The reforms that must be completed by the end of the year can be summarized in the following areas: energy upgrade of the country’s building stock (ie second and third cycle of savings) and preparation of urban plans implementing the urban reform, establishment of installation and operation infrastructure implementation of new regulation of the electric market for the obligation to provide public service from buses, new fiber optic network in buildings and residences, new waste management legislation for the implementation of sustainable landfill and recycling (separate collection of biological waste, water, glass and plastic by the end of 2022) and reform of water policy for the sustainable use of resources, digitization of archives and related services, provision of “customer-centric” public administration services, through simplification and improvement of processes, of improvements systems and compliance with European strategies and policies, initiatives related to the integration of new technologies in the digital transition and the modernization of public administration, improving the resilience, accessibility and sustainability of healthcare, new healthcare framework combating money laundering and corruption, improving the efficiency of the justice system, legislation to reform employment in the cultural sector, and agricultural infrastructure and cognitive agricultural environment for the production process and the management of natural resources).
It is a fact that Greece has made significant progress in implementing the plan, as well as the broader reform agenda.

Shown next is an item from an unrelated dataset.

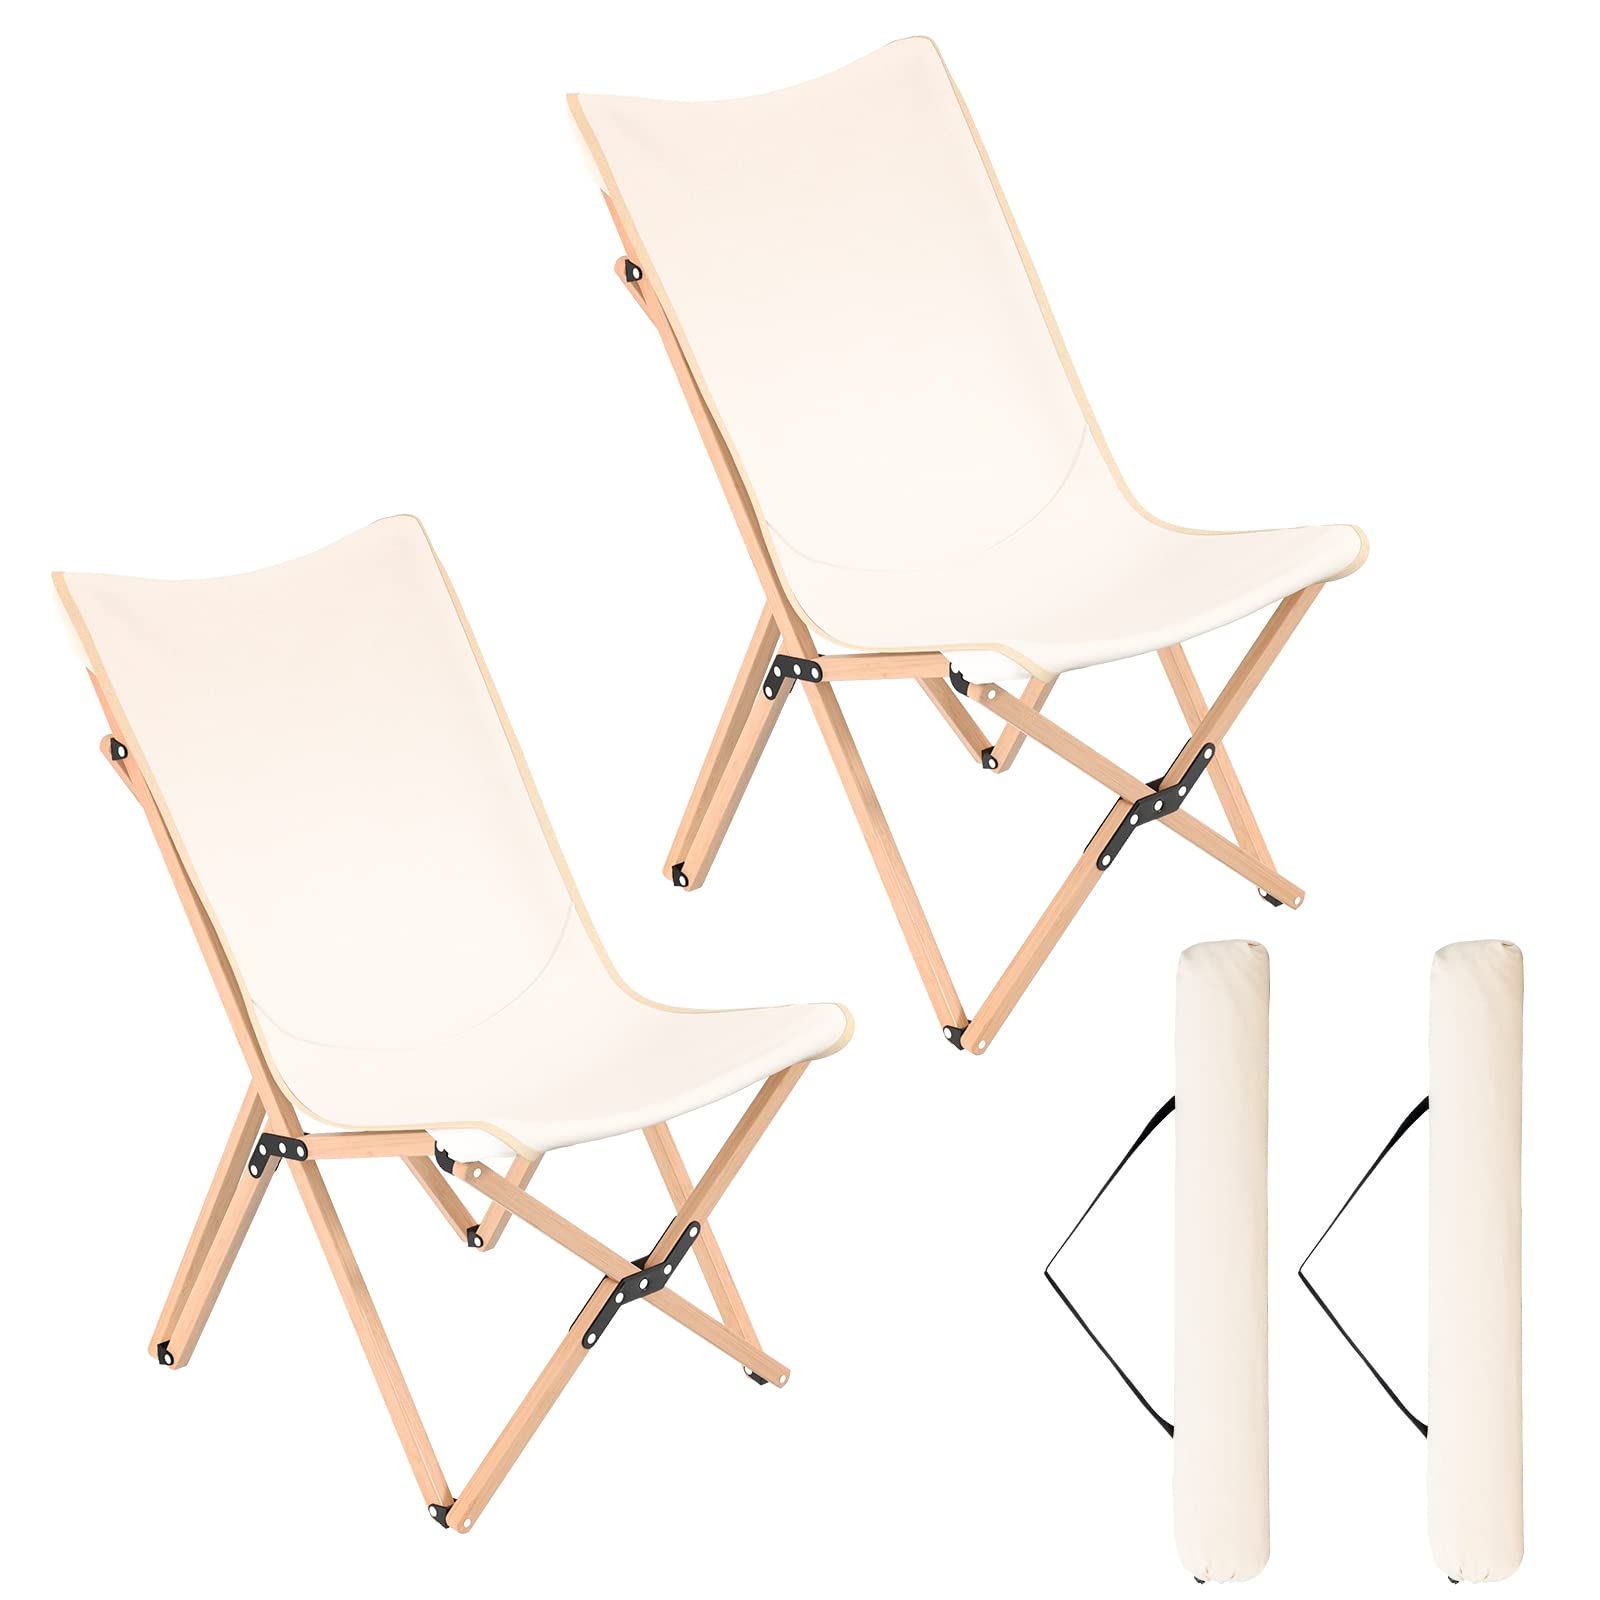 Camping Chairs 2 Pack - Giantex

This is confirmed by the positive assessment of the European Commission in the context of the 14th Enhanced Surveillance Report, which was published earlier this week.
As the Commission concludes, the Greek authorities have taken all necessary steps to fulfill their specific commitments in the areas of public financial management, real estate taxation, invalidity benefits, environmental inspections and justice, and have agreed to for the extension of the mandate of the Hellenic Financial Stability Fund.
In addition, the country has completed broader structural reforms, including the reform of public procurement and the establishment of a Statistical Justice Department in the Ministry of Justice.
As a result, the Commission gave the green light for Greece to exit the enhanced surveillance regime on 20 August 2022. However, there are also outstanding commitments, in particular as regards the the codification of labor legislation and the achievement of the agreed objectives for the settlement of overdue debts, which must be completed by October 2022.
In conclusion, Greece, despite its commitment to the implementation of reforms, has in front of it a long list of milestones / commitments which it must successfully complete in a relatively short period of time. These are structural reforms that are expected to increase productivity, by improving the business environment and the digitization of the state and the economy, to strengthen competition in product markets and to increase the share of the active population in the labor force.
The full implementation of the Recovery and Sustainability Plan, ie the use of all funding and the full implementation of structural reforms, is very important, as it can significantly contribute to the growth of real GDP in Greece in the coming years (by 6.9% in relative to the baseline scenario based on BoG estimates or 7.3% based on SOE estimates).